Set down every line of the data exactly, skipping the pictures.

##### DATA EXTRACT #####

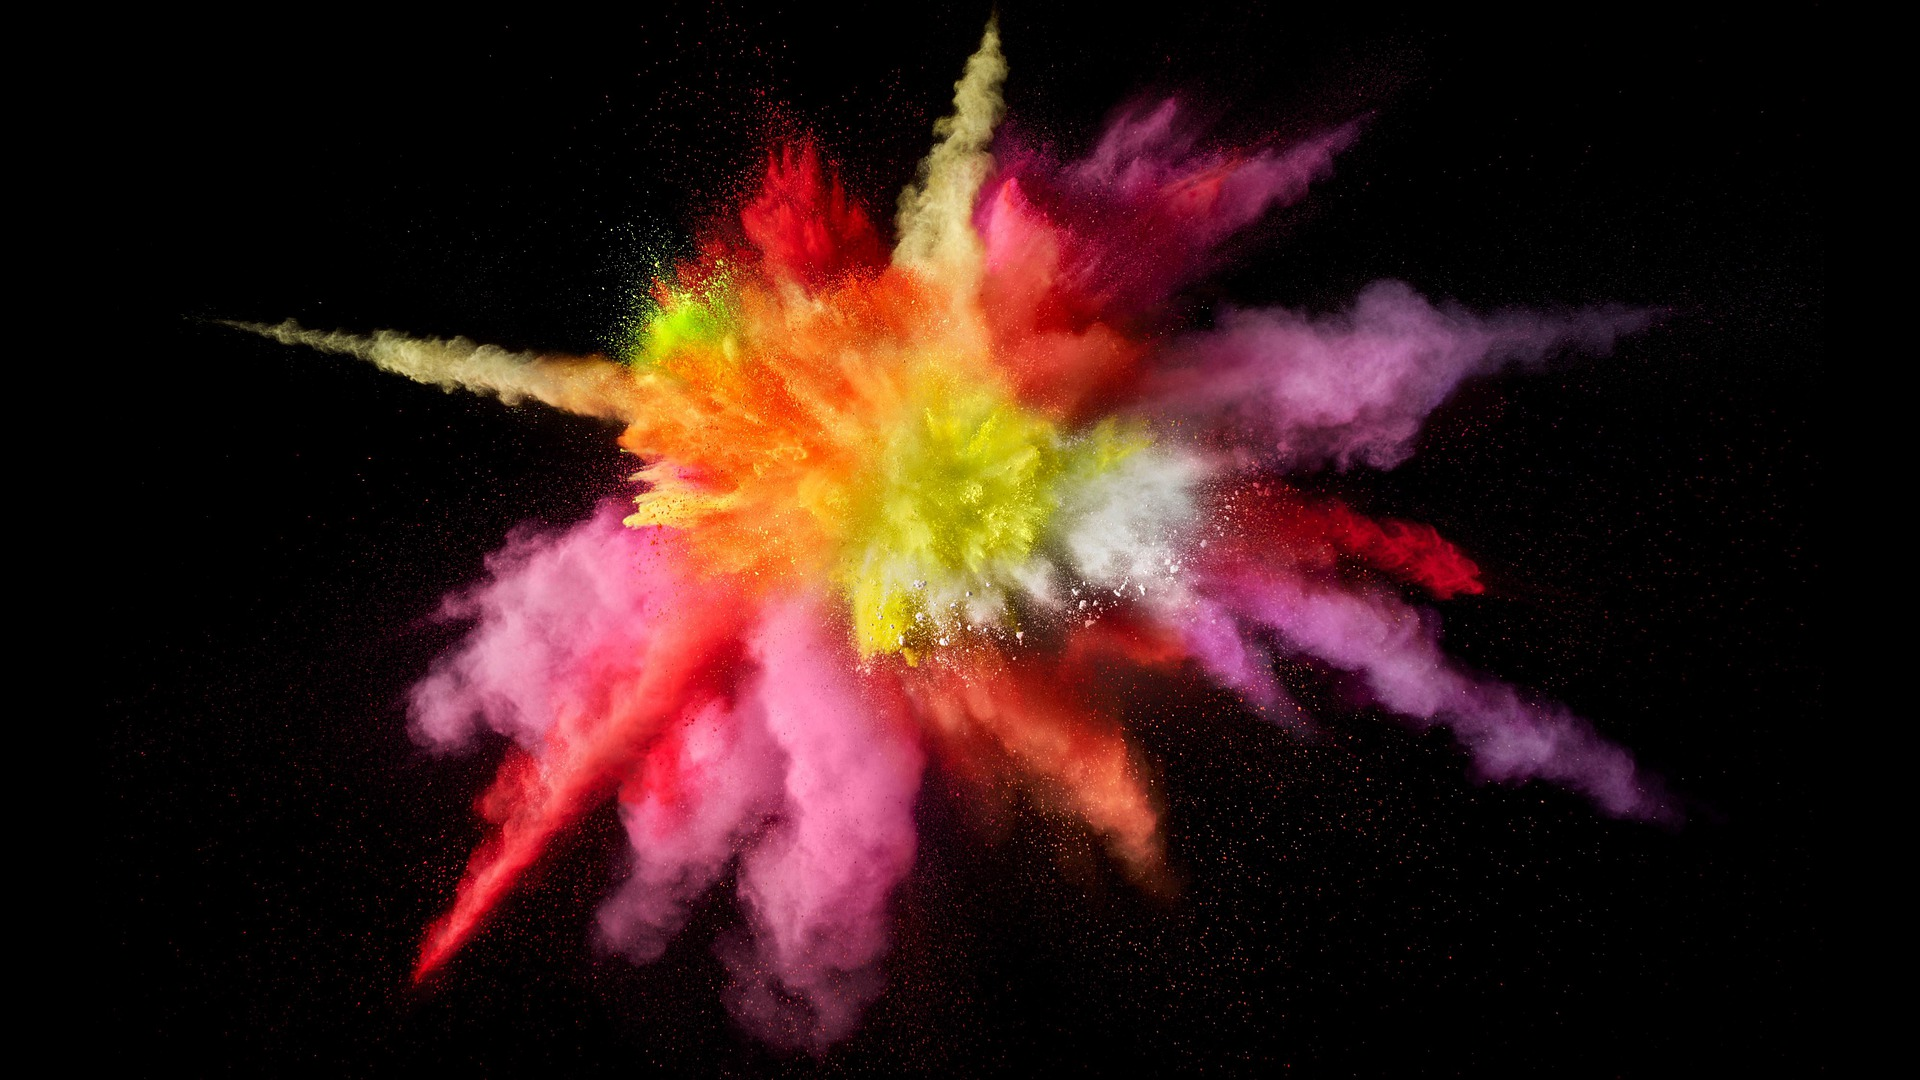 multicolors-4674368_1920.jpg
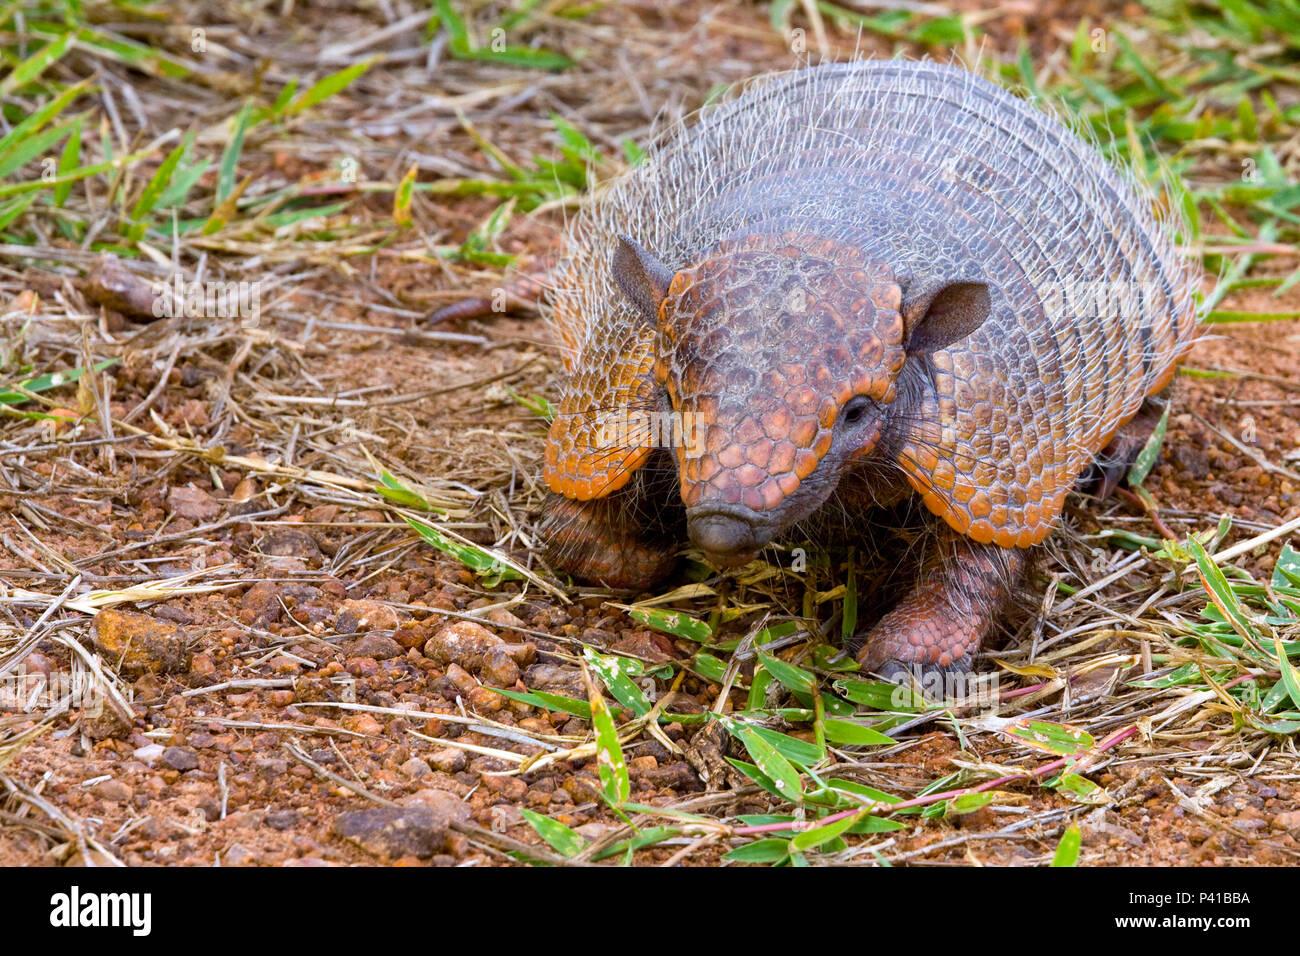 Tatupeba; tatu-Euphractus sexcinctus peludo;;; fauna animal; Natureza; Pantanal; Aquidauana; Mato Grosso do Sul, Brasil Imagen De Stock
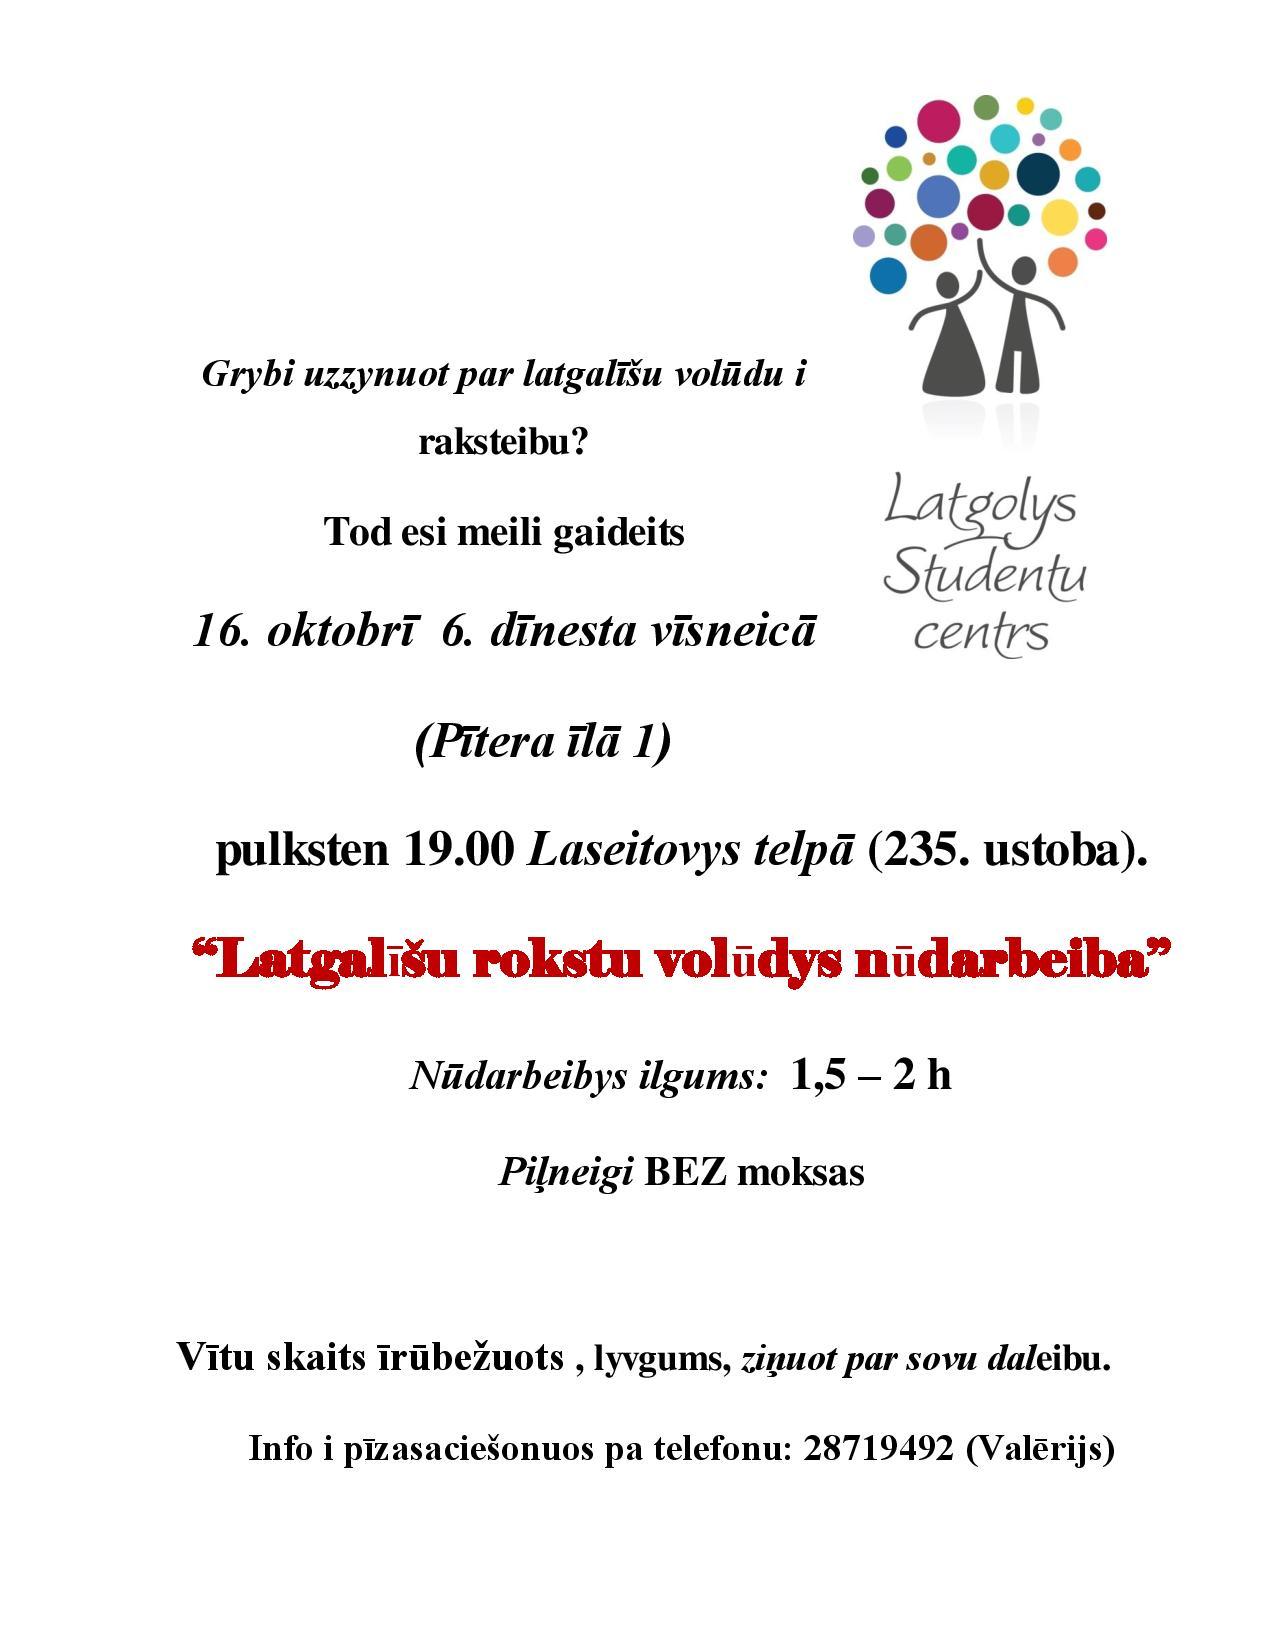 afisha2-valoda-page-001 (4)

#####

[TASK RESULT]:
 multicolors-4674368_1920.jpg
 Tatupeba; tatu-Euphractus sexcinctus peludo;;; fauna animal; Natureza; Pantanal; Aquidauana; Mato Grosso do Sul, Brasil Imagen De Stock
 afisha2-valoda-page-001 (4)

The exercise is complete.